_Work required_
An exact restatement of the data is required, with the images omitted.

_Raw data_
□ □ □ □ □
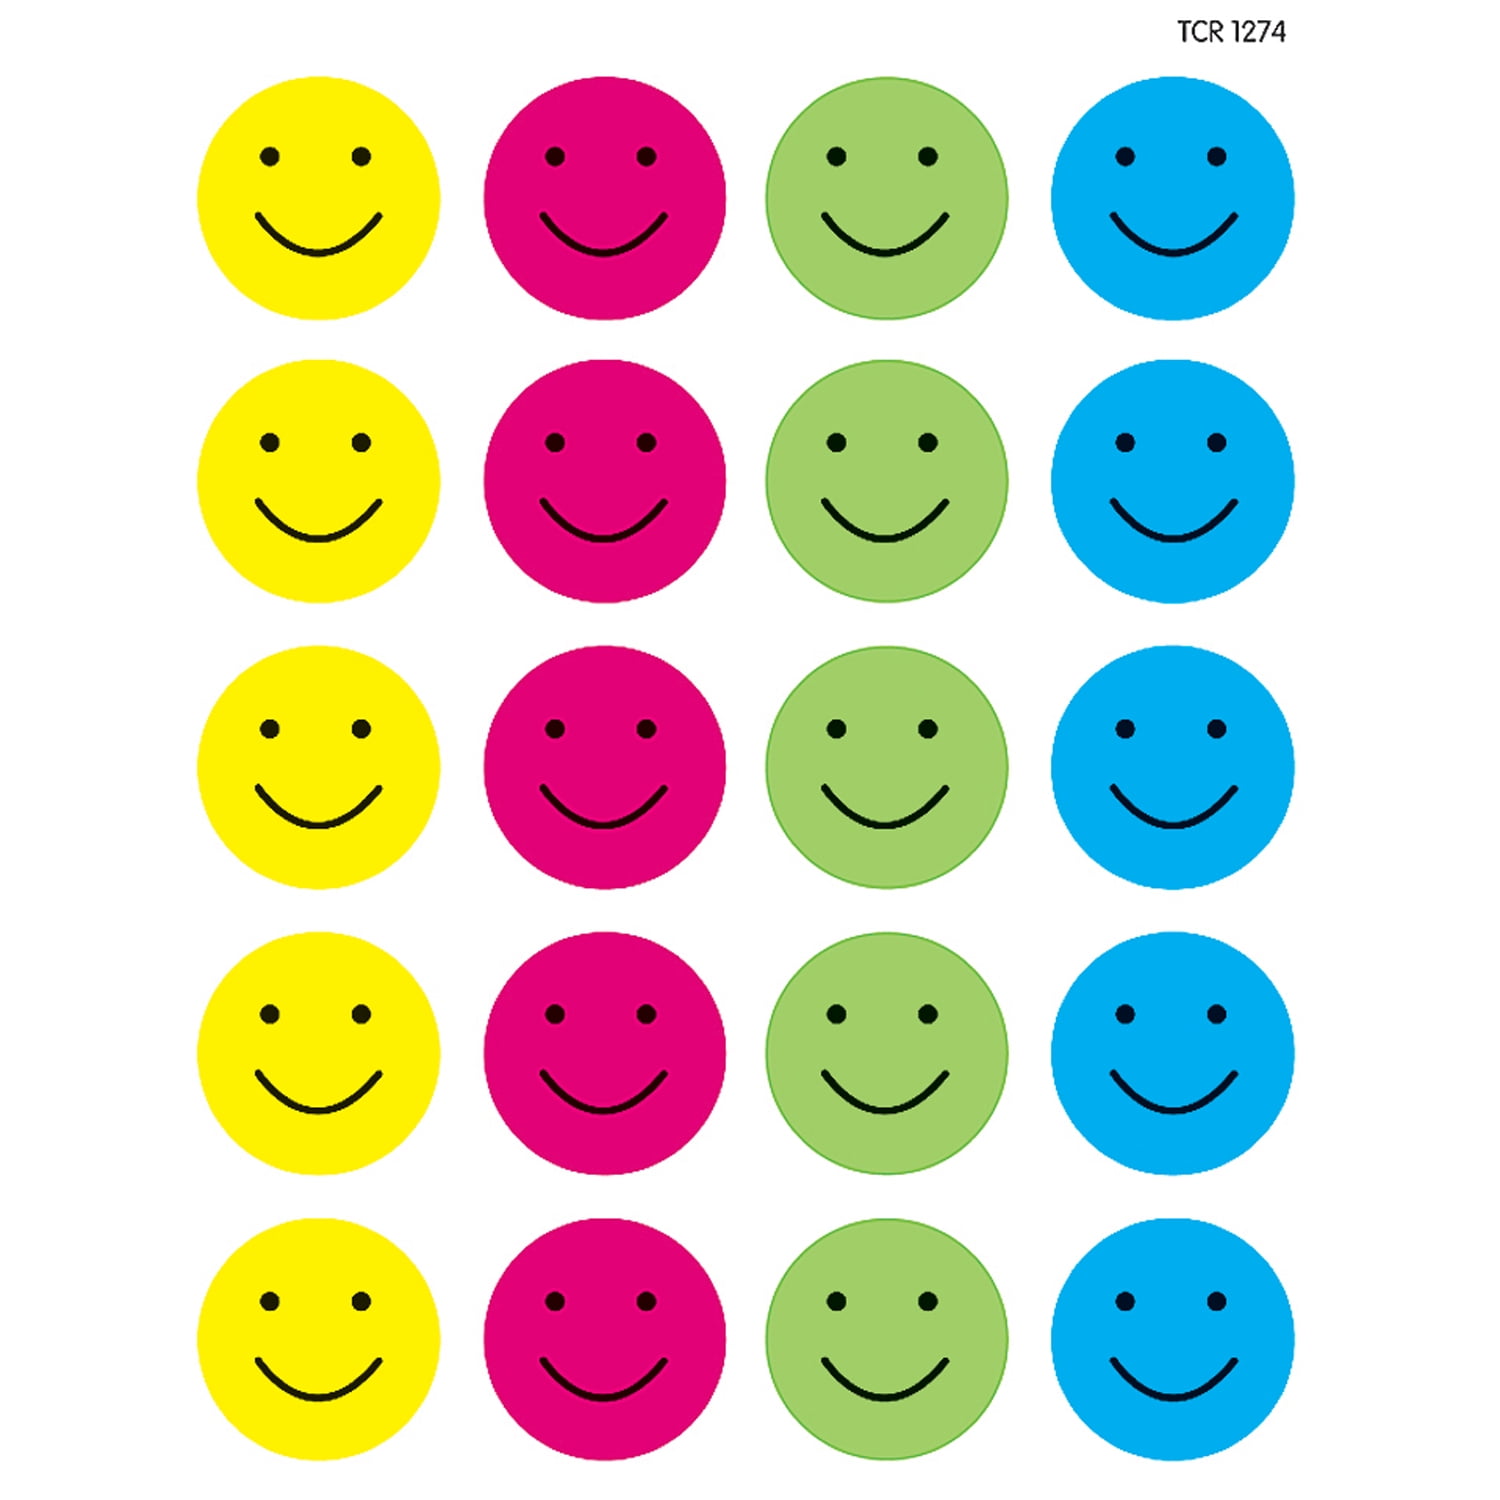 650 Children's Reward Stickers Smiley Faces Bright Colour For School/Home 6811 
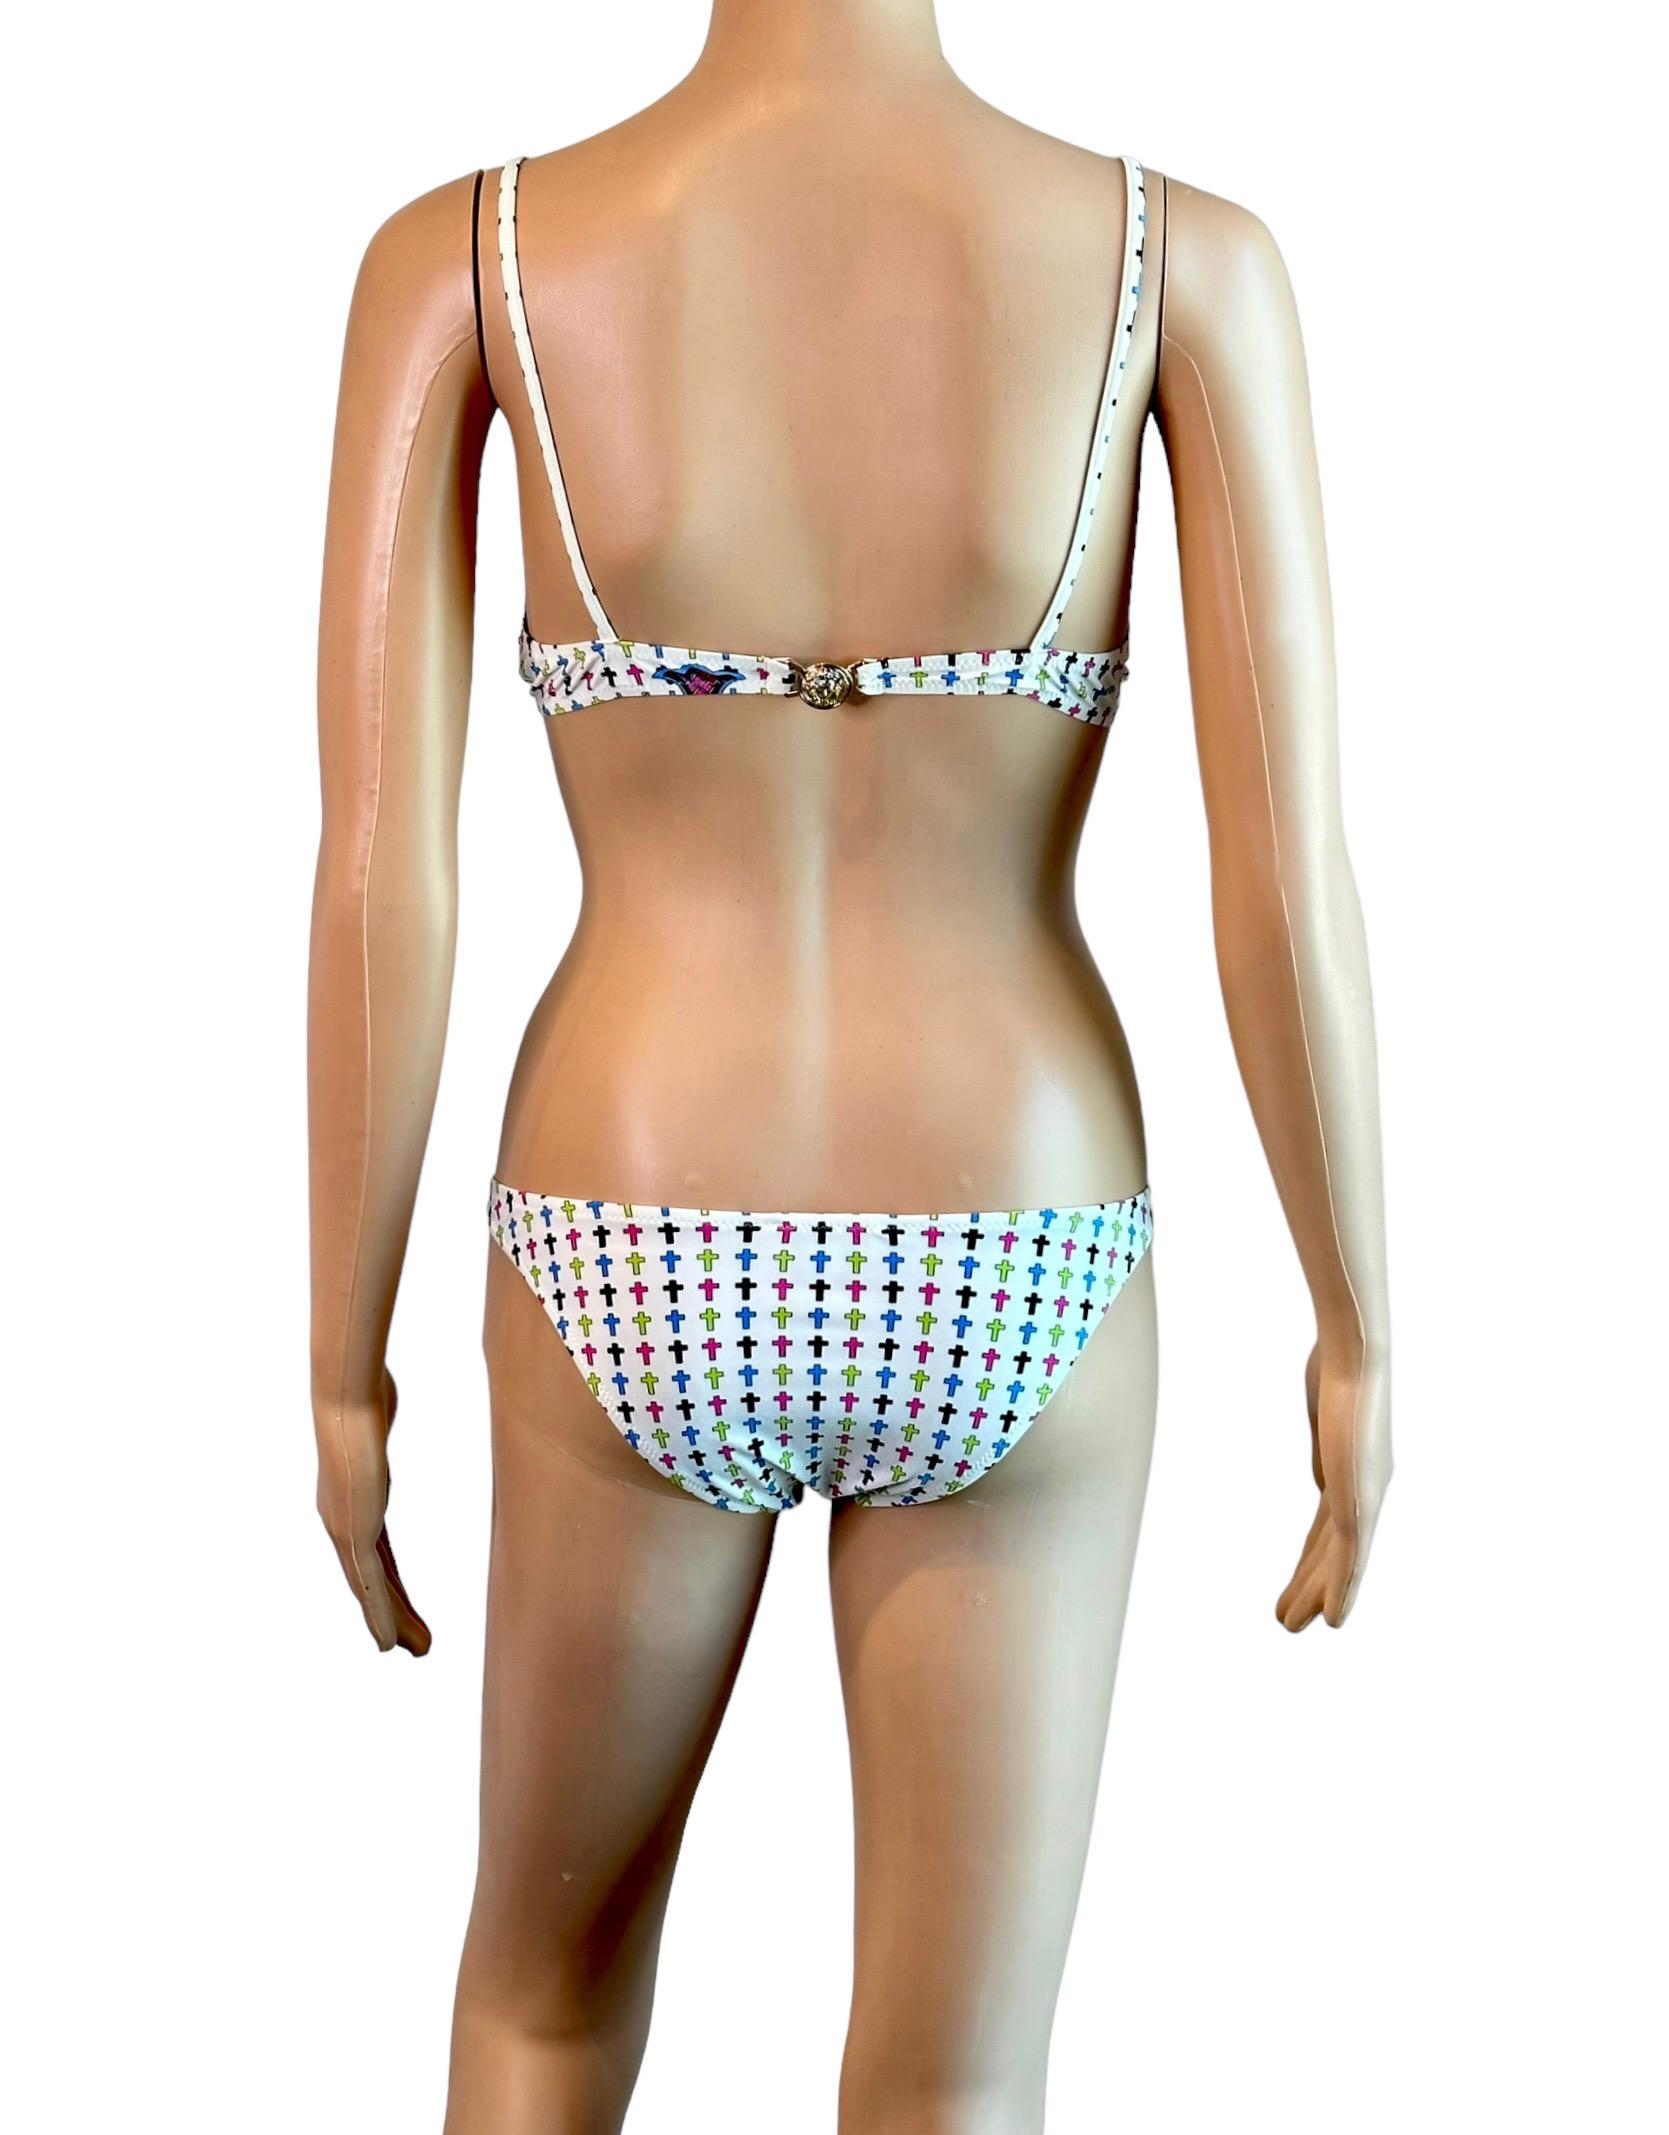 Versace S/S 2005 Medusa Logo Embellished Two-Piece Bikini Set Swimsuit Swimwear IT 42

FOLLOW US ON INSTAGRAM @OPULENTADDICT
□ □ □ □ □
_Expected output_
 650 Children's Reward Stickers Smiley Faces Bright Colour For School/Home 6811 
 Versace S/S 2005 Medusa Logo Embellished Two-Piece Bikini Set Swimsuit Swimwear IT 42

FOLLOW US ON INSTAGRAM @OPULENTADDICT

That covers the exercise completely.